Power is pretty cheap here to be sure, for the past few months I've been
paying about 9 cents per kWh. *It's varied between 7 and 8.
It would be interesting to put your tub on a usage meter. Sounds like it's
using less amps than a coffee maker, which can be pretty expensive.
Indeed. *I don't know of a tracking meter suitable for 240V 50A, other
than
the kind the utilities use. *I'm not sure where to get one of those
without
breaking the bank.
If I remember correctly, when I bought my 120v ht, the spa store made
claims
of low energy consumption that didn't hold true. But you know how memory
is.
It's probably not quite as bad as I remember.
I'd guess the salesman was playing his pitch on the idea that 120V is "low
power" and 240V is "high power" in the minds of lay consumers. *You and I
know different.
Maybe you had a tub with poor insulation? *When I was looking at tubs, I
saw
a wide variance in insulation quality. *One (cheaper, but no less
expensive)
brand was completely without insulation, their pitch was that the empty
space under the tub would catch the waste heat from the motors to help
keep
the water warm. *If I'd bought that line I guess I'd be paying a lot more
to
keep my tub hot all winter. *I decided to pay a little more up front for a
well-insulated model.
When I bought my 1st ht the UV ozone things were available but I heard
later
they weren't that effective. Wouldn't they increase the elec bill too?
Not by much. *Spa ozonators run between 10 and 50 watts, I think mine is
30W. *It's only on when the main pump runs, which is when it's heating or
doing a filtration cycle.
Glad you enjoy your tub. I use mine because of an old back injury. After a
hard day there isn't anything more refreshing. But if anyone asks me I
still
say get a gas ht, and it's much better if it's attached to your pool.
I would also agree that gas is the way to go, if you have a choice.

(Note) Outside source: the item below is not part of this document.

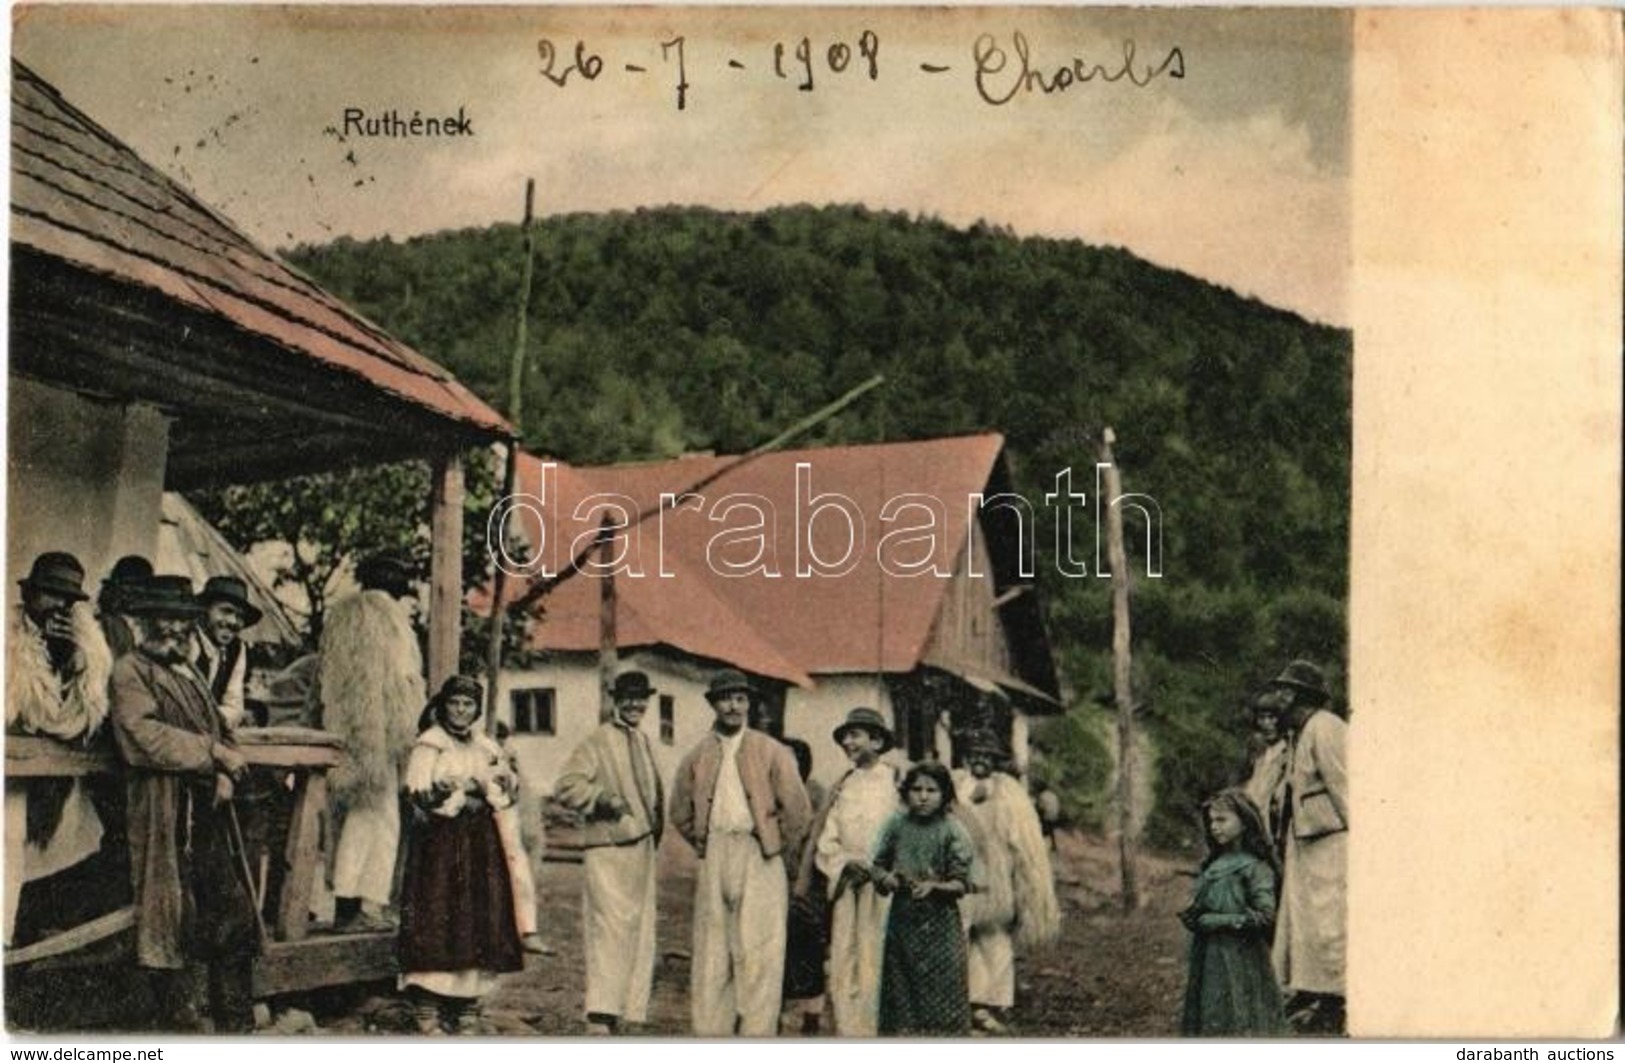 T2 1908 Ruthének, Rutének (ruszinok) A Faluban / Rusyns In The Village, Folklore - Unclassified
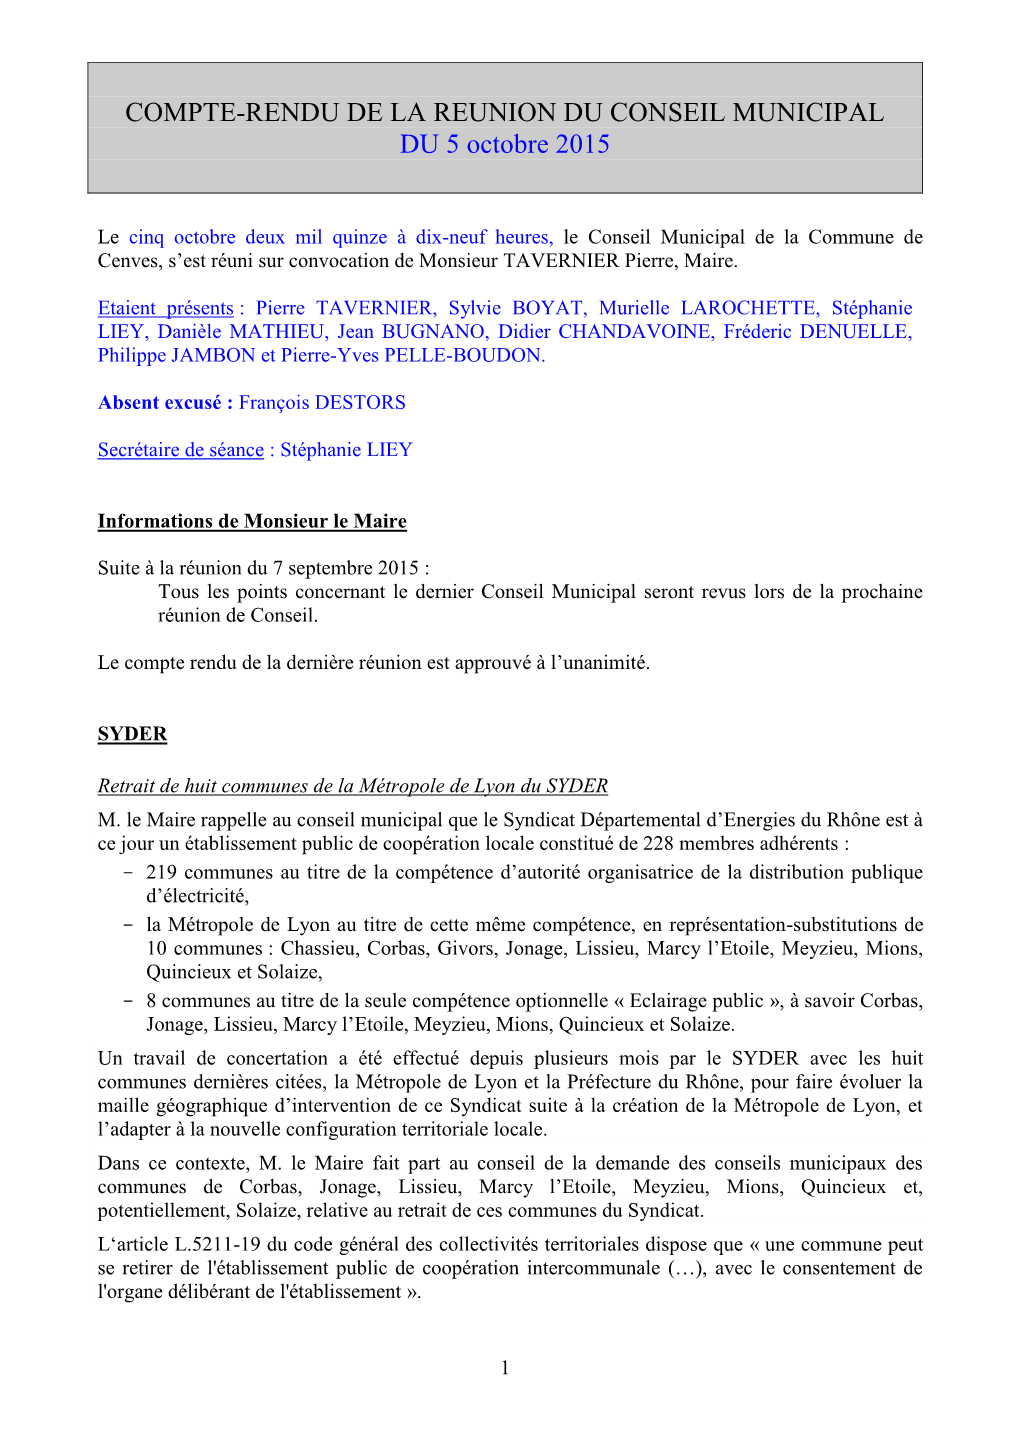 COMPTE-RENDU DE LA REUNION DU CONSEIL MUNICIPAL DU 5 Octobre 2015

Portable plug-and-play spas like mine are inevitably self-contained and
all
electric. *If you already had a gas heater, a place to house it, ready
access to gas, a certainty that you'll never move the tub, and a
willingness
to hack into the tub's plumbing and electrics, then the conversion would
be
worthwhile. *I have none of those things, so electric it is.
I wouldn't convert one of those portable hot tubs. I'd have a gas one made
or buy one of those ready made gas ht. I was fortunate to find mine already
made :-)
But I wouldn't own a stand alone ht anyway. Too much trouble keeping a small
tub of water clean. (for everyone who says "mine's easy" you don't know what
easy is) The reason mine is easy to care for is it's attached to the pool's
Baker Hydro sand filter. If you've ever owned a sand filter you'd probably
never use any other type. Virtually maintenance free other than occasional
backwashing. I was lucky getting this setup.
Gee, like taking the paper cartridge filter out of my spa every couple
months and rinsing it with a hose when I change the water isn't easy?
Pool filters aren't exactly maintenance free either. The sand or
diatamacous ones have to be pressure monitored, then manually
backwashed, replenished, etc.
But then you think a coffee maker is one of the large users of energy
in a house and that 240V has some inherrent big energy savings
advantage compared to 120V too.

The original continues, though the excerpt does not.